Hoje em dia, há uma semelhança assustadora com sua Serra Leoa natal na Holanda, mas não é tarde demais para fazer algo a respeito, diz o autor, colunista e apresentador Babah Tarawally.
“A Holanda está na mesa de operação”, foi a frase de abertura da minha recente palestra em Haia para um público de estudantes estrangeiros.
Isso me levou de volta a um incidente em um hospital há cerca de 20 anos. Uma glândula no meu pescoço estava com problemas e o especialista aconselhou sua remoção imediata. Como qualquer africano, considero os médicos como semideuses cujo julgamento nunca deve ser questionado, e uma data para a operação foi marcada.
O dia da operação chegou e minha namorada me acompanhou até o hospital. Enquanto eu estava deitado na mesa de operação em um estado de despir parcial, ela perguntou ao médico o que exatamente havia de errado comigo. O médico pareceu irritado e não respondeu. Ela achou isso peculiar e insistiu. Por fim, ele disse: “Meu palpite é que é um tipo de lepra, provavelmente contraída em sua terra natal.”
“Eu não concordo com isso, você não pode operar com base em um palpite”, minha namorada disse resolutamente. A operação foi cancelada, eu estava em forma como um violino, e a maioria dos seus colegas achava que o cirurgião era um idiota. O que isso me ensinou é que vale a pena ser crítico. Quando estiver em dúvida, faça perguntas. Você nem sempre pode confiar em um título.
Eu era muito ingênuo na época e se não fosse pelo espírito rebelde da minha namorada, eu teria sido cortado desnecessariamente. Muitas vezes penso sobre isso e percebo o quão sortudo eu fui. Eu tinha estado na Holanda por pouco tempo, tendo fugido de Serra Leoa, um país governado por uma gangue de criminosos por décadas que abafava qualquer pergunta que tivéssemos. Tivemos que ficar parados e ver como nosso país se envolveu em uma guerra civil que poderia ter sido evitada.

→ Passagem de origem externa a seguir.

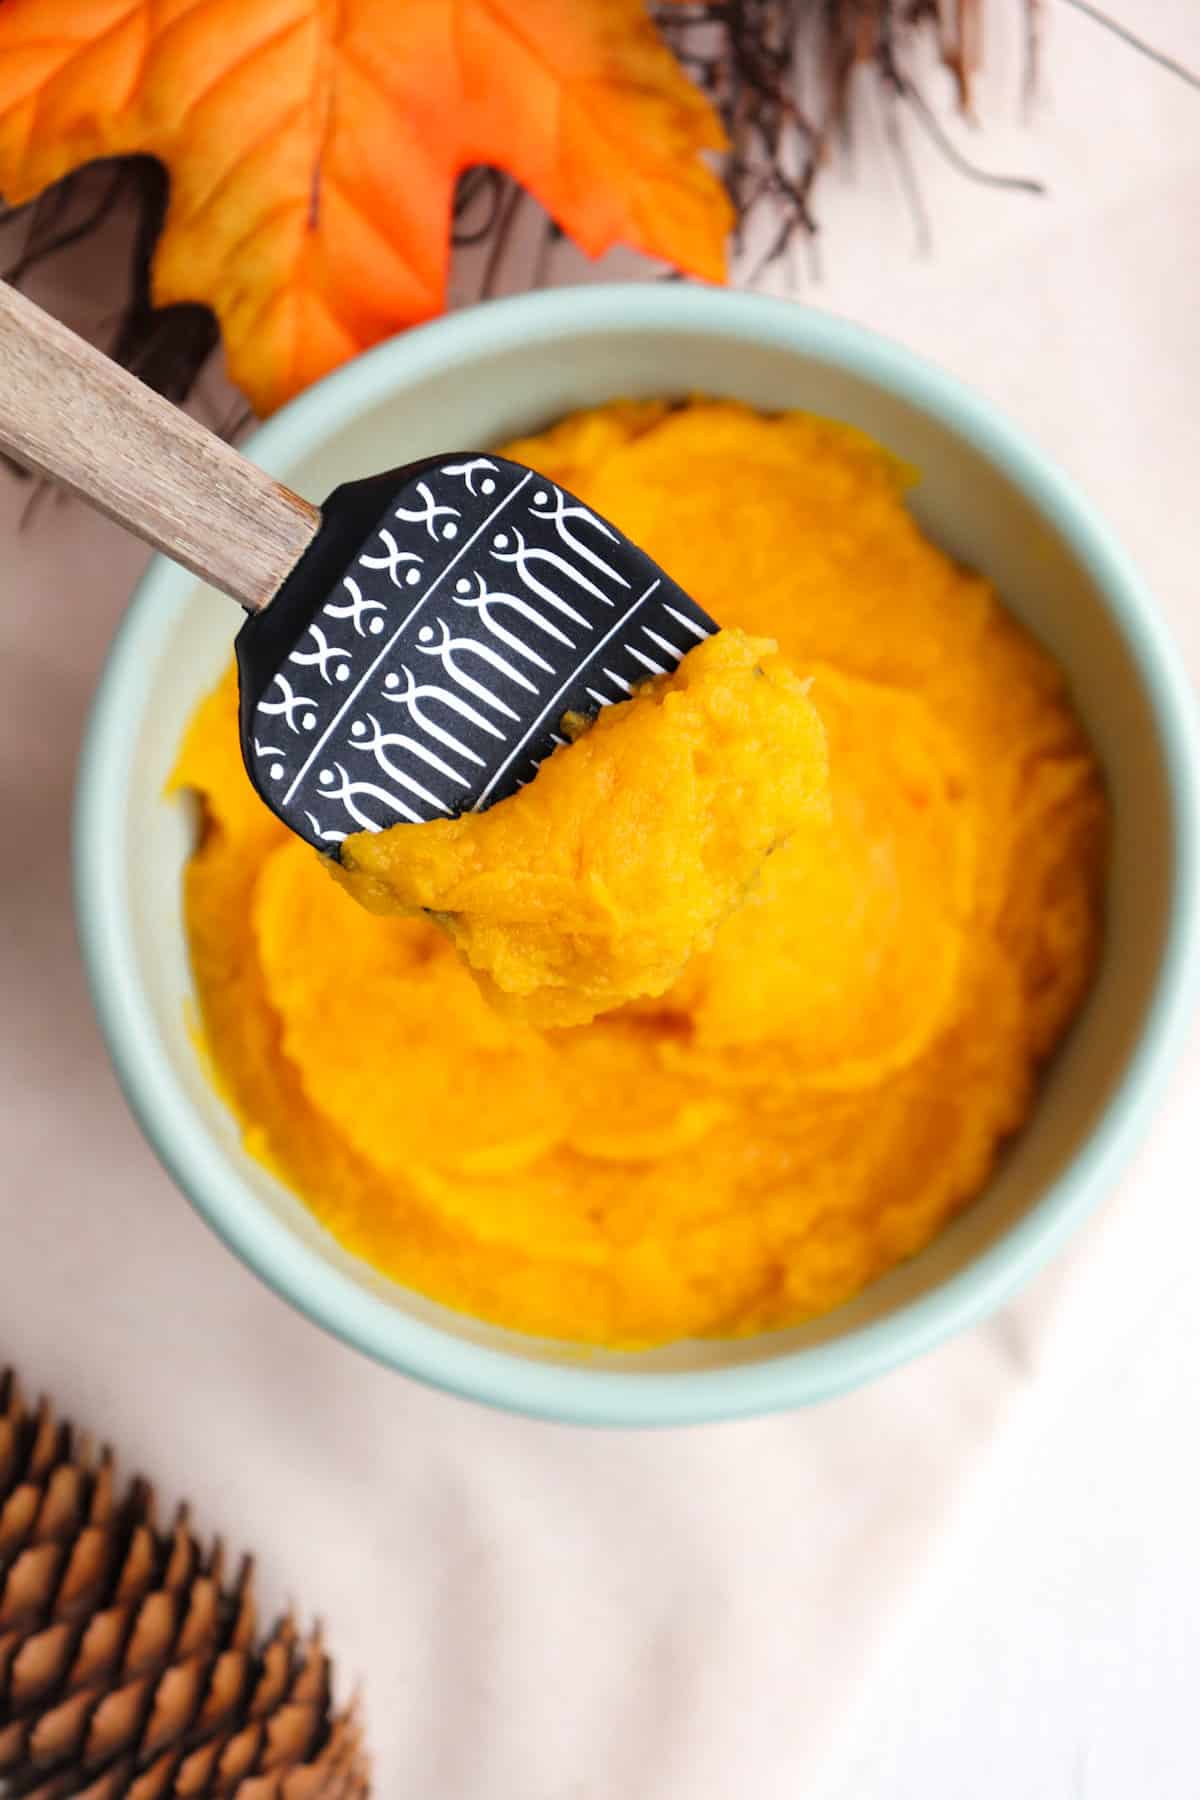 spatula scooped up pumpkin puree from bowl.

Pensávamos que esses políticos tinham nossos interesses no coração. Fomos ensinados a confiar nas autoridades implicitamente. Foi só quando cheguei à Holanda que aprendi a enfrentar a injustiça. Este país colocou a caneta na minha mão, o que me permitiu desabafar abertamente as críticas, em ensaios, jornais e livros.
Já faz 30 anos que cheguei aqui como refugiado e, para meu horror, estou vendo que a Holanda está começando a se parecer com o país do qual fugi. Sob o disfarce de democracia, estamos aceitando políticas que visam desumanizar parte da população.
Não estamos nos rebelando. Estamos dizendo que eles deveriam ter uma chance. Estamos deitados na mesa de operação, porque fomos infectados com medo do nosso novo inimigo comum: o outro.
“Aquele que segura outro na lama terá que ficar na lama para mantê-lo lá”, diz um velho ditado africano. Ele descreve exatamente o que está acontecendo na Holanda no momento. Estamos profundamente na lama porque mantivemos “o outro” lá por anos. Mas não podemos destruir a humanidade de outras pessoas sem desvalorizar a nossa.
A Holanda, por séculos um lugar de refúgio para sabedoria e resistência, está na mesa de operação e um cirurgião com mãos trêmulas está se preparando para cortá-la. Quem ousa se levantar, fazer perguntas, impedir que a faca entre?
É hora de nos livrarmos de falsos medos. Levante-se, faça perguntas e lute antes que seja tarde demais.